Most days, I am one of two extremes: thriving or surviving.
Days like Monday, when I’m super woman, I feel like I’m on top of the world. I give myself a solid pat on the back because I’m creating a human, taking care of my little human, tending to my home and husband well, cooking pretty delicious dinners and loving my career. But days like yesterday, I felt totally defeated.
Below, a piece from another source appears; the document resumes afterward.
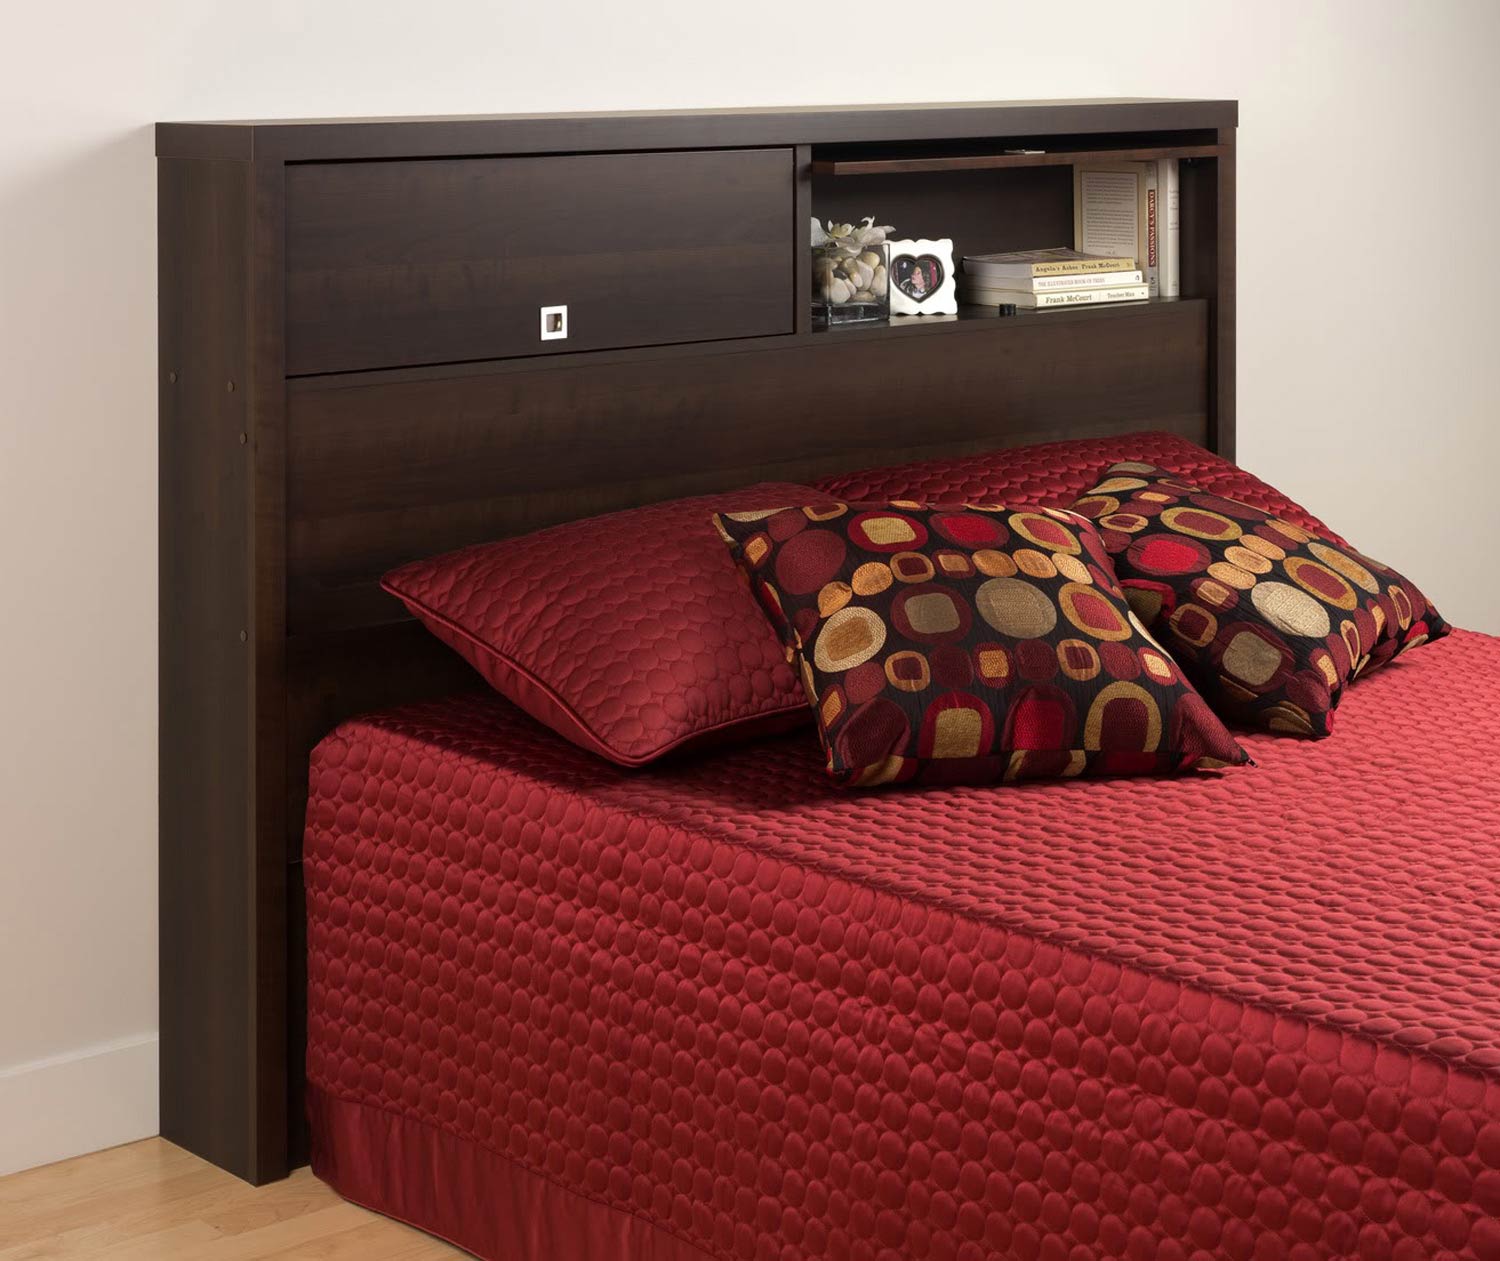 двуспальная кровать с ящиками в изголовье для белья и полочкой

My son decided to scream at me most of the day. How dare I tell him not to eat the crayons?! Who do I think I am wiping his snotty nose?! Why would I even suggest we play with blocks?! Apparently, nothing I made him to eat was edible. He also decided naps were for the weak. Meanwhile, my daughter discovered new ways to flip and stretch. In the middle of negotiations with my screaming boy, I would suddenly find myself stiff or she’d knock that spot in my lower back that made me just plain stuck in whatever position she kicked me in. I was walking, bending, sitting, stretching and laying in all sorts of positions to shift her while my toddler found his way to my face with lungs ready to rip. Oh, and the icing on the cake? I found two cracked tiles in our kitchen floor, which seemed to adequately represent my sanity.
I finally hit a physical, mental and emotional breaking point. I tearfully put my shrieking son in his crib and announced to my husband, “I’M. TAKING. A. BATH.” I think I even said, “How am I going to bring another one of him into the world and not go crazy?” Sweet husband, being the realist, reminded me that we are crazy, and told me to go soak in the tub for awhile.
Raising a one year old is hard. Being pregnant is hard. Combine the two, and life can be just plain maddening. Add high anxiety to the mix, and I’m lucky to still have my hair. I’ve been singing “Hills and Valleys” in my head for going on 36 hours now. I’m so glad God’s in control of the big stuff, but sometimes the little things (and people) I’m responsible for feel mountainous. Thankfully, the creator of the universe is just a whisper away. He’s ready to listen and He’s ready to speak. I spent the rest of the night in bed, reading and praying over my son, my husband, my daughter and my sanity.
Today I woke up and God had indeed brought a new day. My son slept for two hours this afternoon (which means I did, too) and we’ve actually ENJOYED one another’s company. My daughter has been busy practicing her kicks and flips but today, I can actually enjoy them again. The little miracle growing in my belly feels like a miracle again.
Thank God for my husband who took over parenting last night. Thank God for His hand in helping my son find his joy again today. Thank you, God, for the new day you give us with every sunrise.